I {¶ 5} Herein, appellant maintains the trial court erred in granting Med Central's motion to dismiss based upon the statute of limitations. We disagree.
{¶ 6} Our standard of review on a Civ.R. 12(B)(6) motion to dismiss is de novo. Greeley v. Miami Valley Maintenance Contrs. Inc. (1990),49 Ohio St.3d 228, overruled in part on other grounds, 62 Ohio St.3d 541. A motion to dismiss for failure to state a claim upon which relief can be granted is procedural and tests the sufficiency of the complaint. Stateex rel. Hanson v. Guernsey County Bd. of Comm'r (1992), 65 Ohio St.3d 545. Under a de novo analysis, we must accept all factual allegations of the complaint as true and all reasonable inferences must be drawn in favor of the nonmoving party.
{¶ 7} The central issue for determination by this Court is whether appellant's claim is a medical claim under former R.C. 2305.11(B);1 therefore, subject to the one year statute of limitations set forth therein.
{¶ 8} Former R.C. 2305.11(D)(3) defined a "medical claim" as "any claim that is asserted in any civil action against a * * * hospital, against any employee or agent of a * * * hospital * * * and that arises out of the medical diagnosis, care, or treatment of any person * * * [and] includes derivative claims for relief that arise from the medical diagnosis, care, or treatment of a person."
{¶ 9} In Long v. Warren Gen. Hosp. (1997), 121 Ohio App.3d 489, the Eleventh District Court of Appeals addressed the issue of "whether the term `medical claim,' as defined in R.C. 2305.11(D)(3), includes a claim for hospital employees' negligent instructions and assistance in transporting a patient to a physician-ordered diagnostic test, which results in injury to the patient." Id. at 491. In reaching an affirmative answer to this question, the Long Court analyzed the explanation of the definition of "medical claim" set forth by the Ohio Supreme Court in Romev.
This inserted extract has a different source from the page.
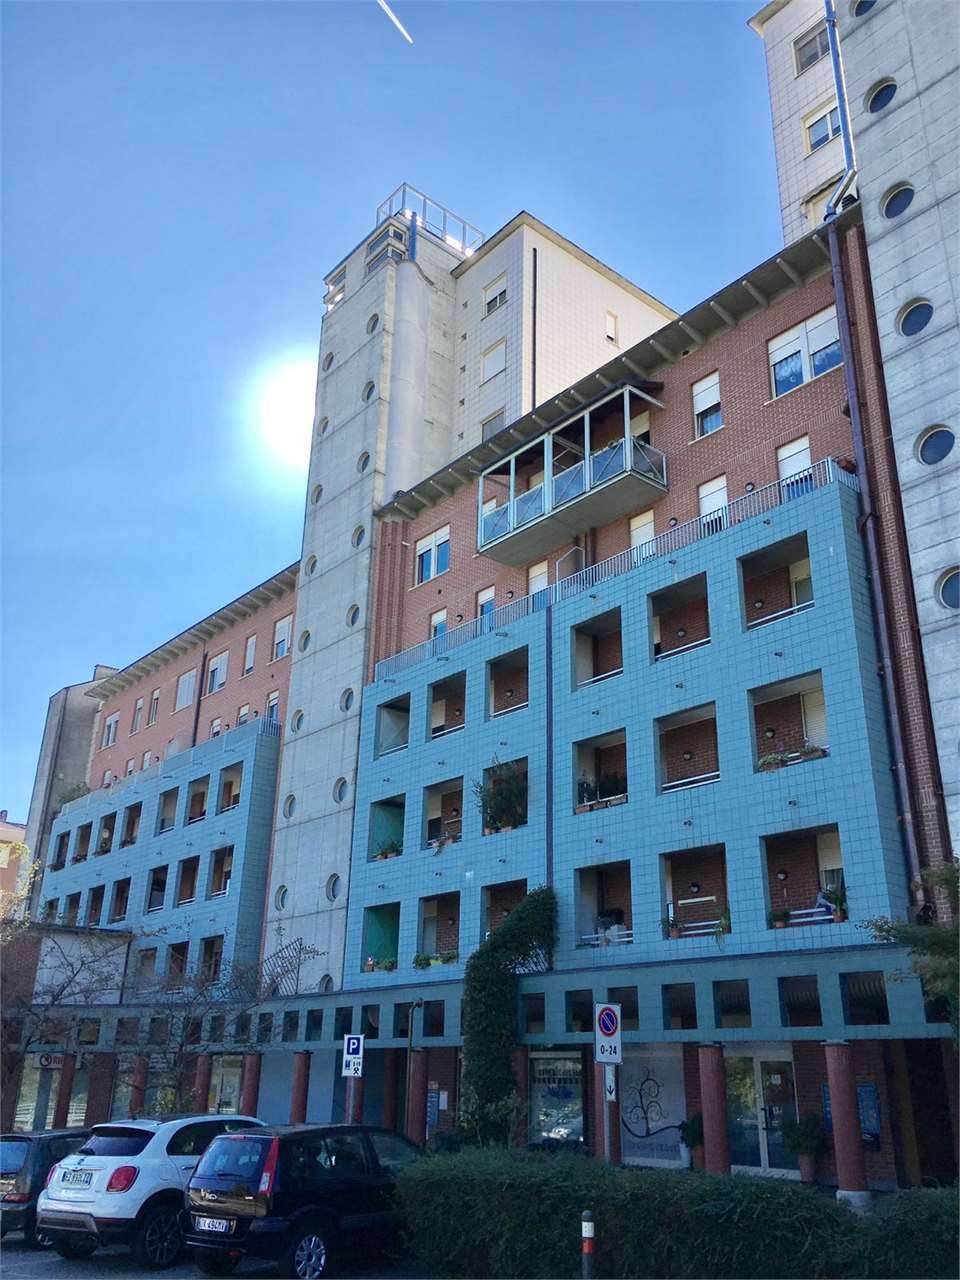 Vendita Case In Olanda appartamenti in vendita a verbania - casaspeciale.it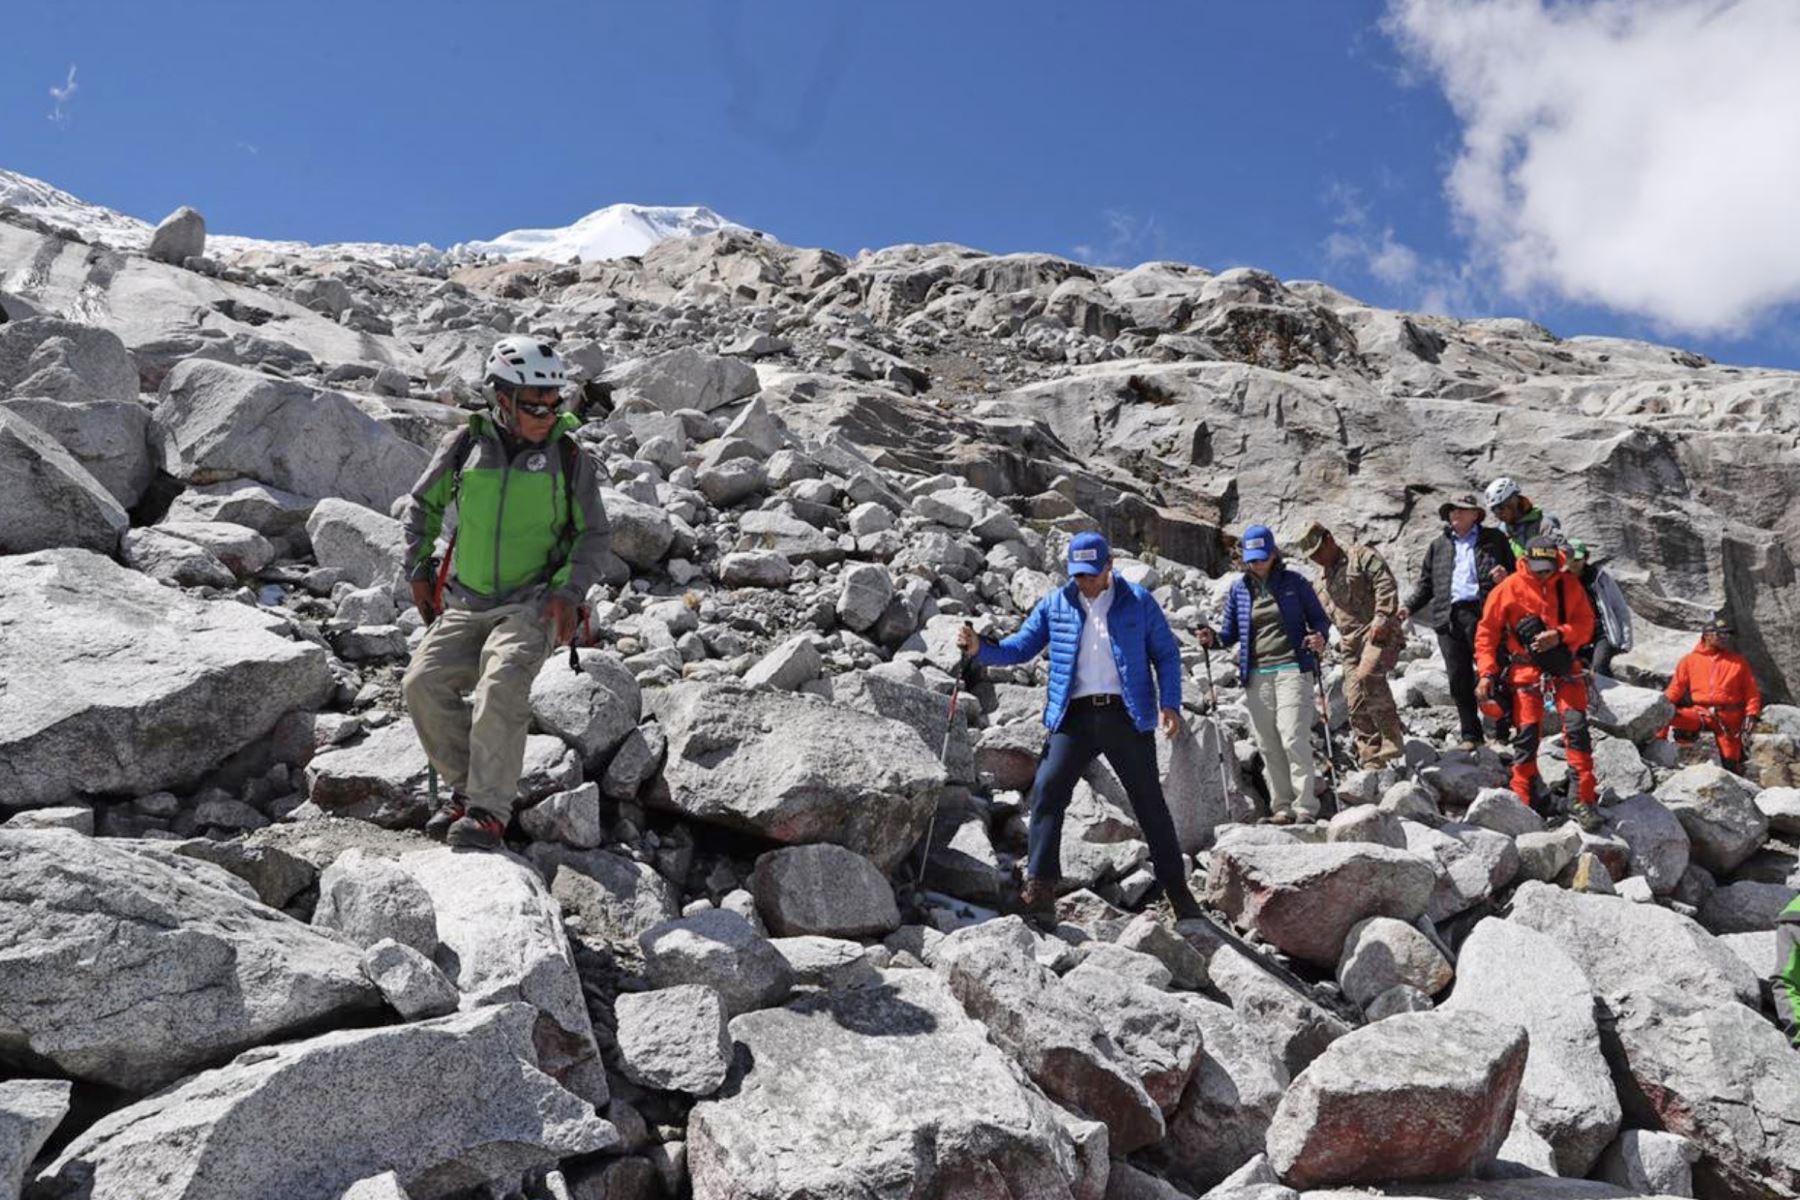 El presidente Martín Vizcarra acompaña a los miembros de la expedición científica que investigarán el nevado Huascarán. Foto: ANDINA/Prensa Presidencia

Flower Mem. Hosp. (1994), 70 Ohio St.3d 14:" `[C]are' as used in R.C.2305.11(D)(3) (where the word is preceded by terms such as `physician,' `hospital,' `nurse,' and `medical diagnosis') means `the prevention or alleviation of a physical or mental defect or illness.' * * * The terms `medical diagnosis' and `treatment' relate to the `identification and alleviation of a physical or mental illness, disease, or defect.'" Long, supra at 491-492. The Eleventh District concluded appellant Long's claim was a "medical claim", finding the transport of appellant Long to the colonoscopy test was "ancillary to and an inherently necessary part of" his diagnosis and treatment. Id. at 492 (Citation omitted).
{¶ 10} We find the placement of appellant on the stretcher was "ancillary to and an inherently necessary part of" her diagnosis and treatment. Rome, supra at 16. The facts as alleged in appellant's Complaint give rise to a "medical claim," as defined in former R.C.2305.11(D)(3), and the applicable statute of limitations for this cause of action is one year. R.C. 2305.11(B)(1). Accordingly, appellant's claim is barred by the statute of limitations.
{¶ 11} Appellant's sole assignment of error is overruled.
{¶ 12} The judgment of the Richland County Court of Common Pleas is affirmed. Costs to appellant.
Hoffman, J., Boggins, P.J. and Gwin, J. concur
JUDGMENT ENTRY For the reasons stated in our accompanying Memorandum-Opinion, the judgment of the Richland County Court of Common Pleas is affirmed. Costs to appellant.
1 Appellant conceded at oral argument in this matter her claim would be time barred under R.C. 2305.113, effective April 11, 2003, as it falls within the new definition of "medical claim".